Make an exact copy of the listing underneath, skipping each picture.

• DATA BELOW
● ● ●
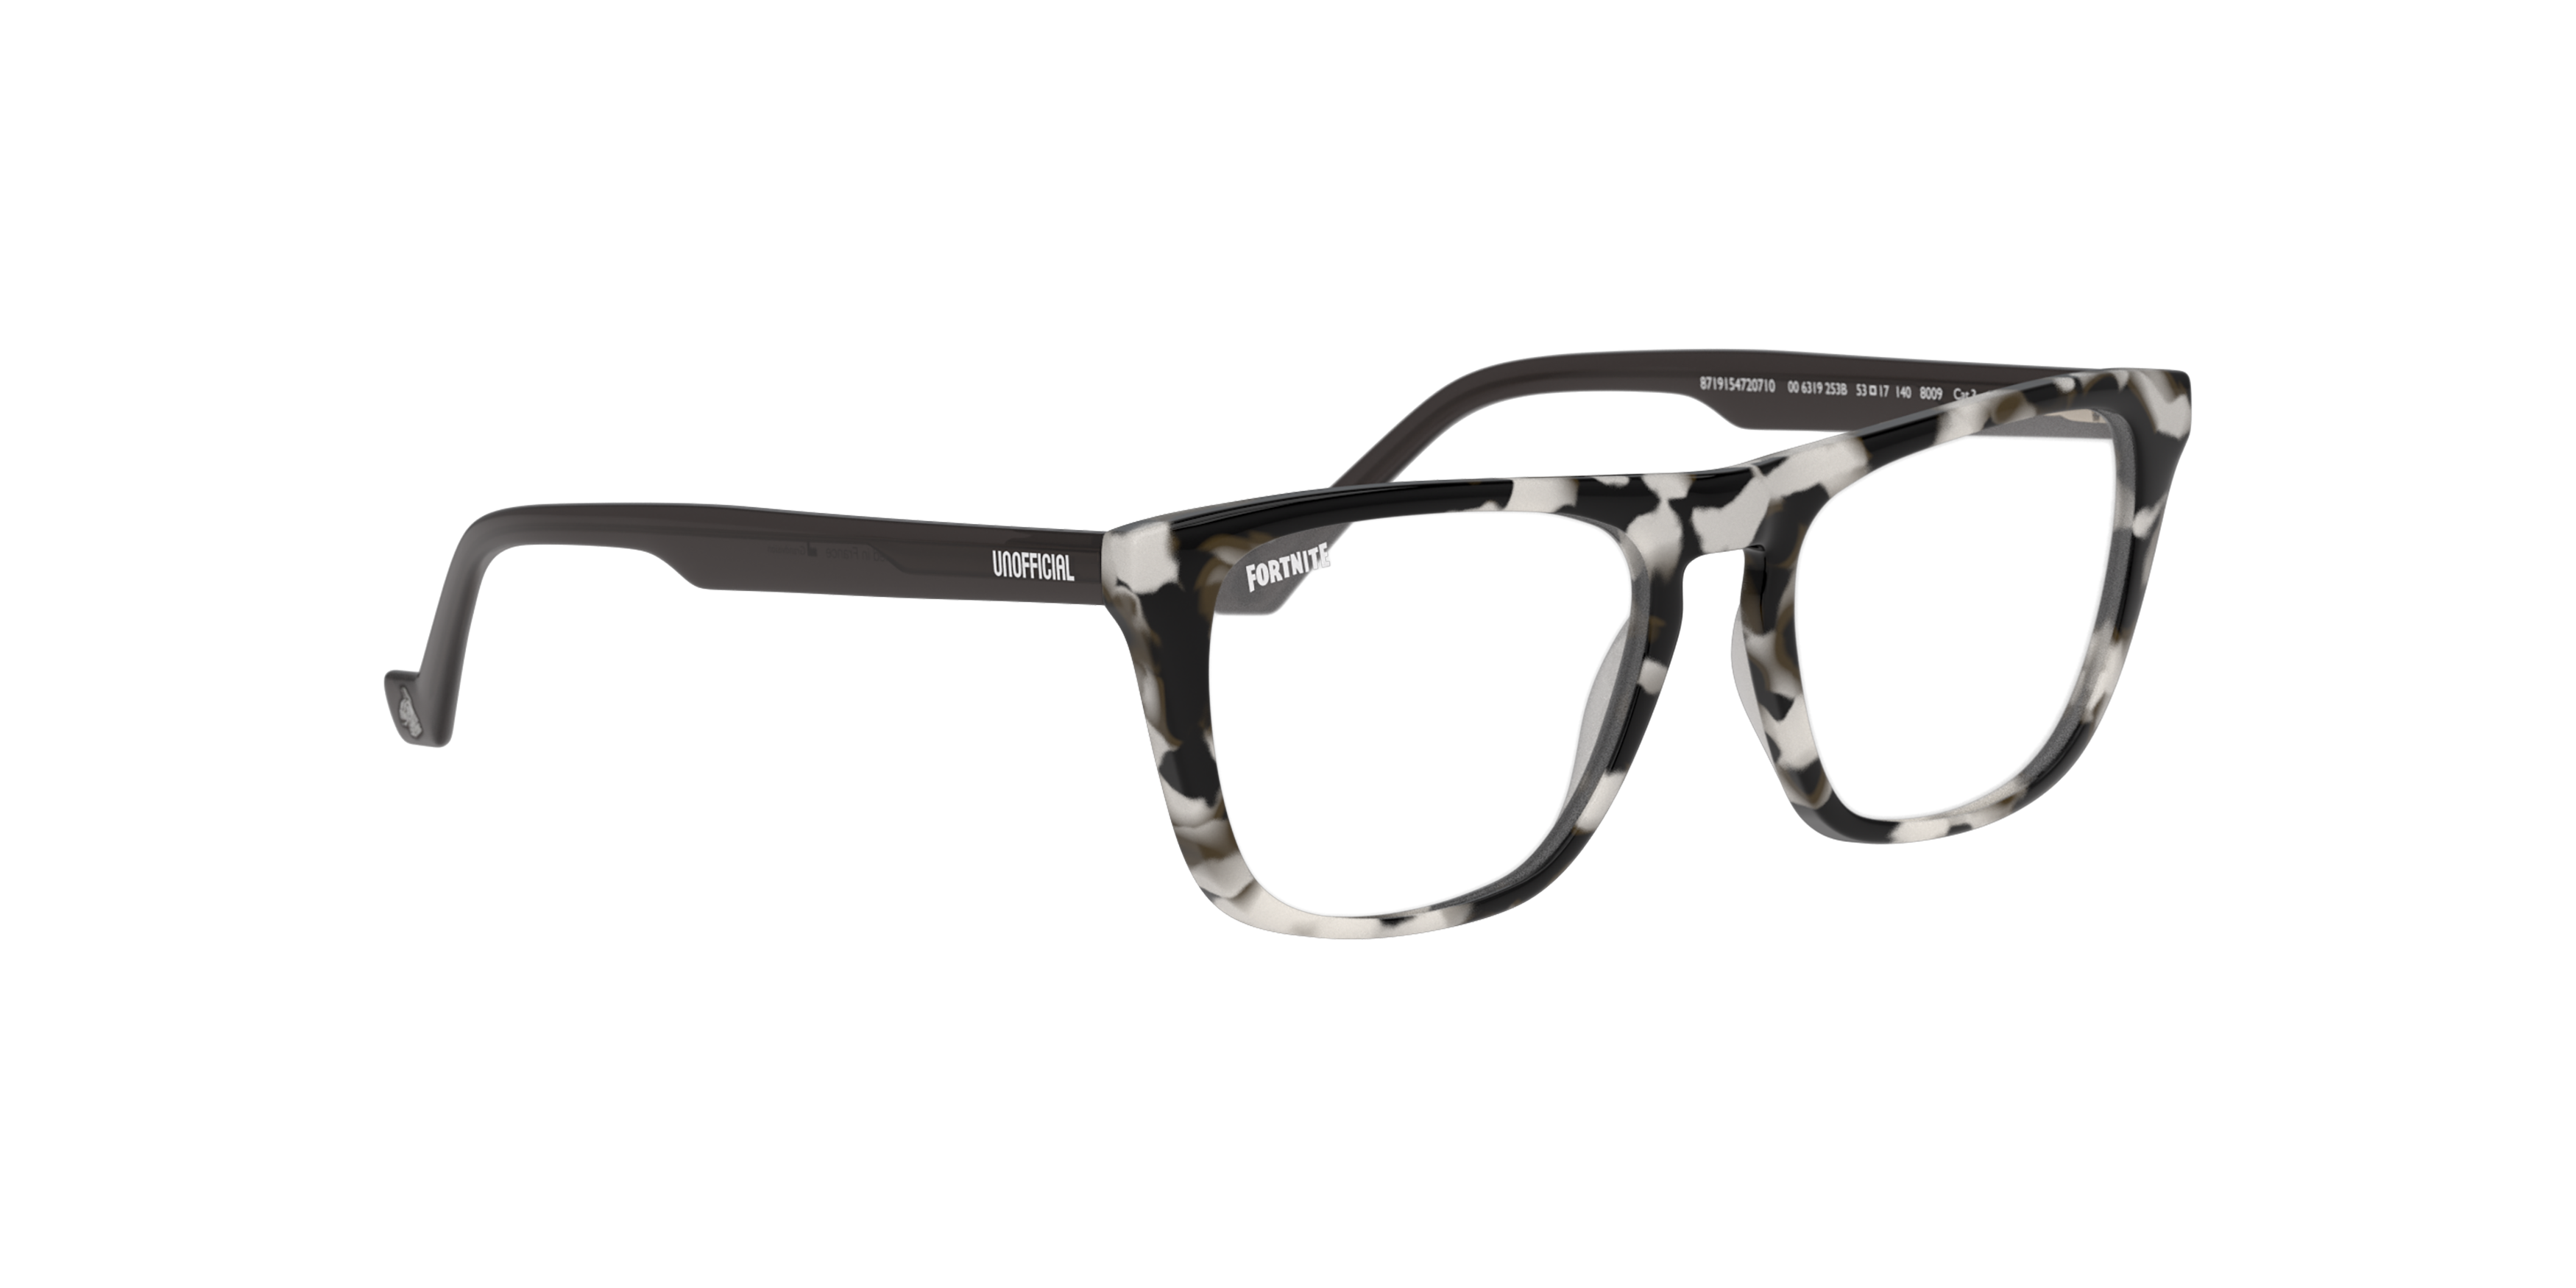 Angle_Right01 Fortnite with Unofficial UNSU0157 Glasses Transparent / Grey
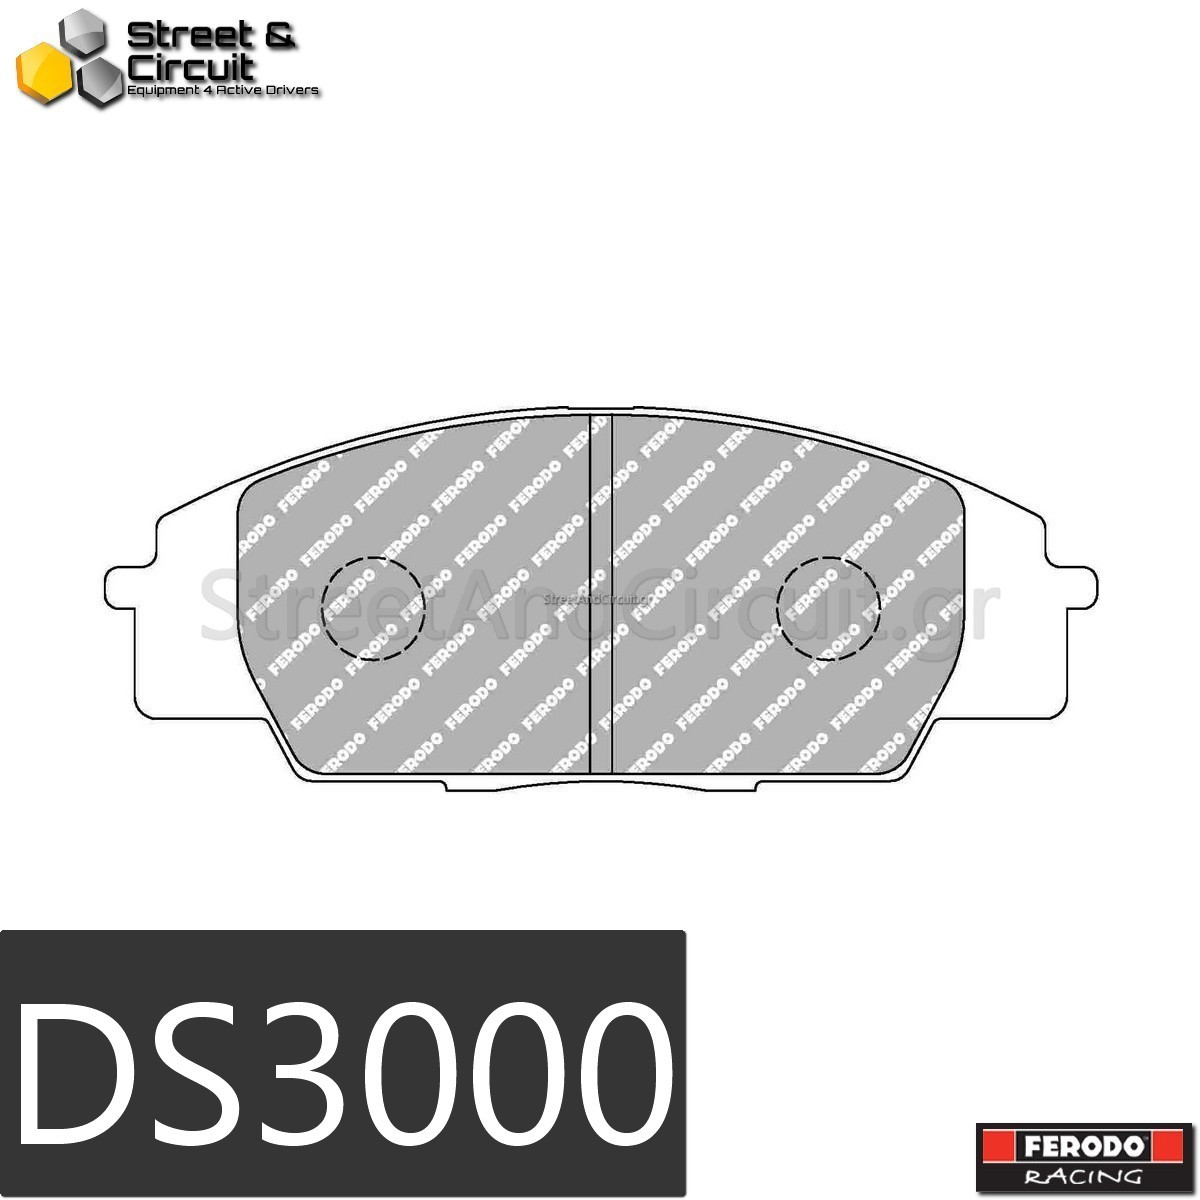 2.0 16V S2000 1999-2009 (FRONT), Brake System: SUMITOMO - Ferodo Racing Τακάκια *DS3000*
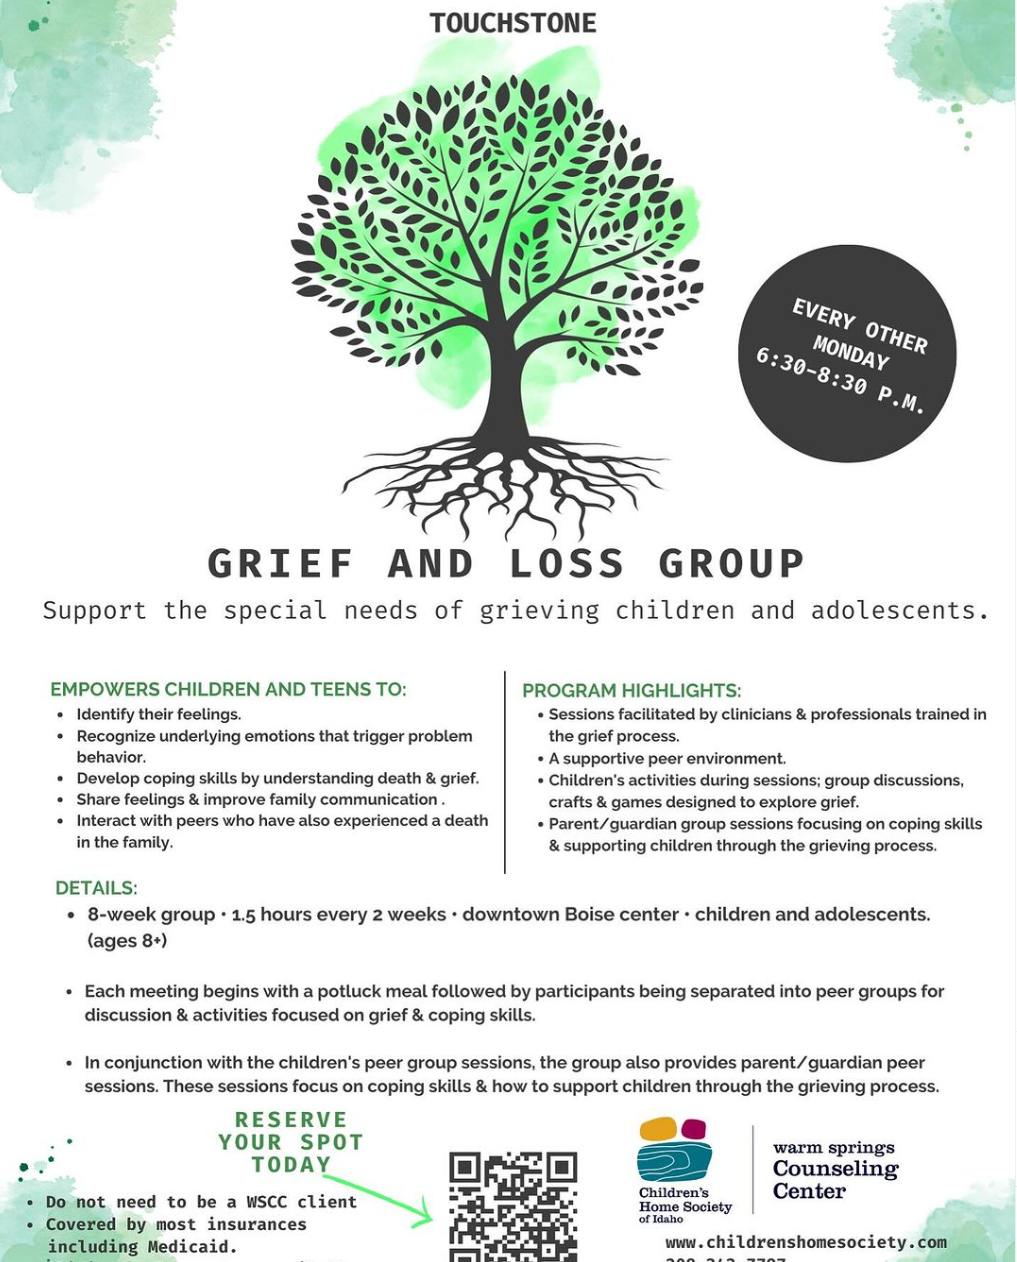 Touchstone: A Free Program for Grieving Children & Adolescents
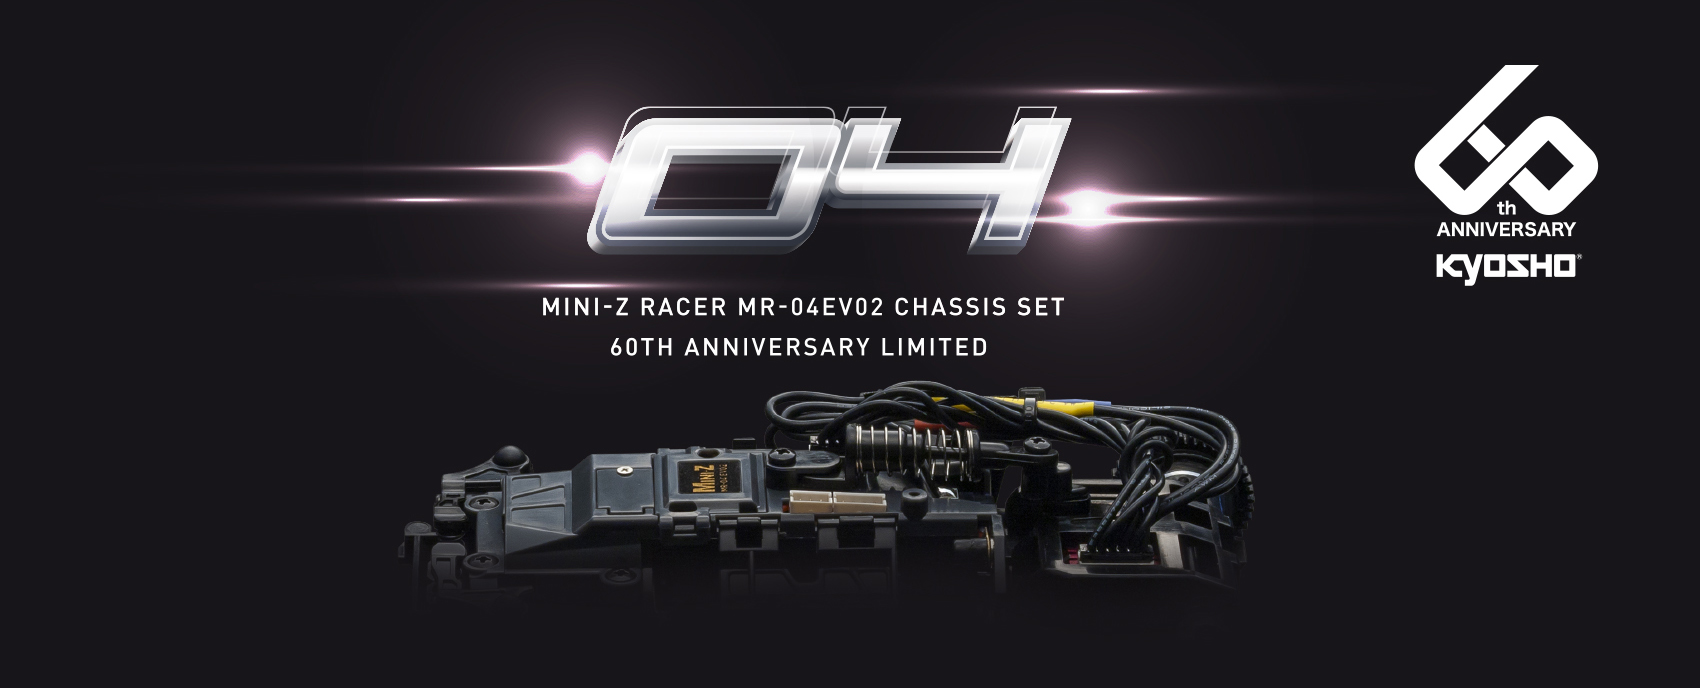 MINI-Z RACER MR-04EV02 CHASSIS SET 60TH ANNIVERSARY LIMITED
● ● ●
• ANSWER TO THE PROBLEM
 Angle_Right01 Fortnite with Unofficial UNSU0157 Glasses Transparent / Grey
 2.0 16V S2000 1999-2009 (FRONT), Brake System: SUMITOMO - Ferodo Racing Τακάκια *DS3000*
 Touchstone: A Free Program for Grieving Children & Adolescents
 MINI-Z RACER MR-04EV02 CHASSIS SET 60TH ANNIVERSARY LIMITED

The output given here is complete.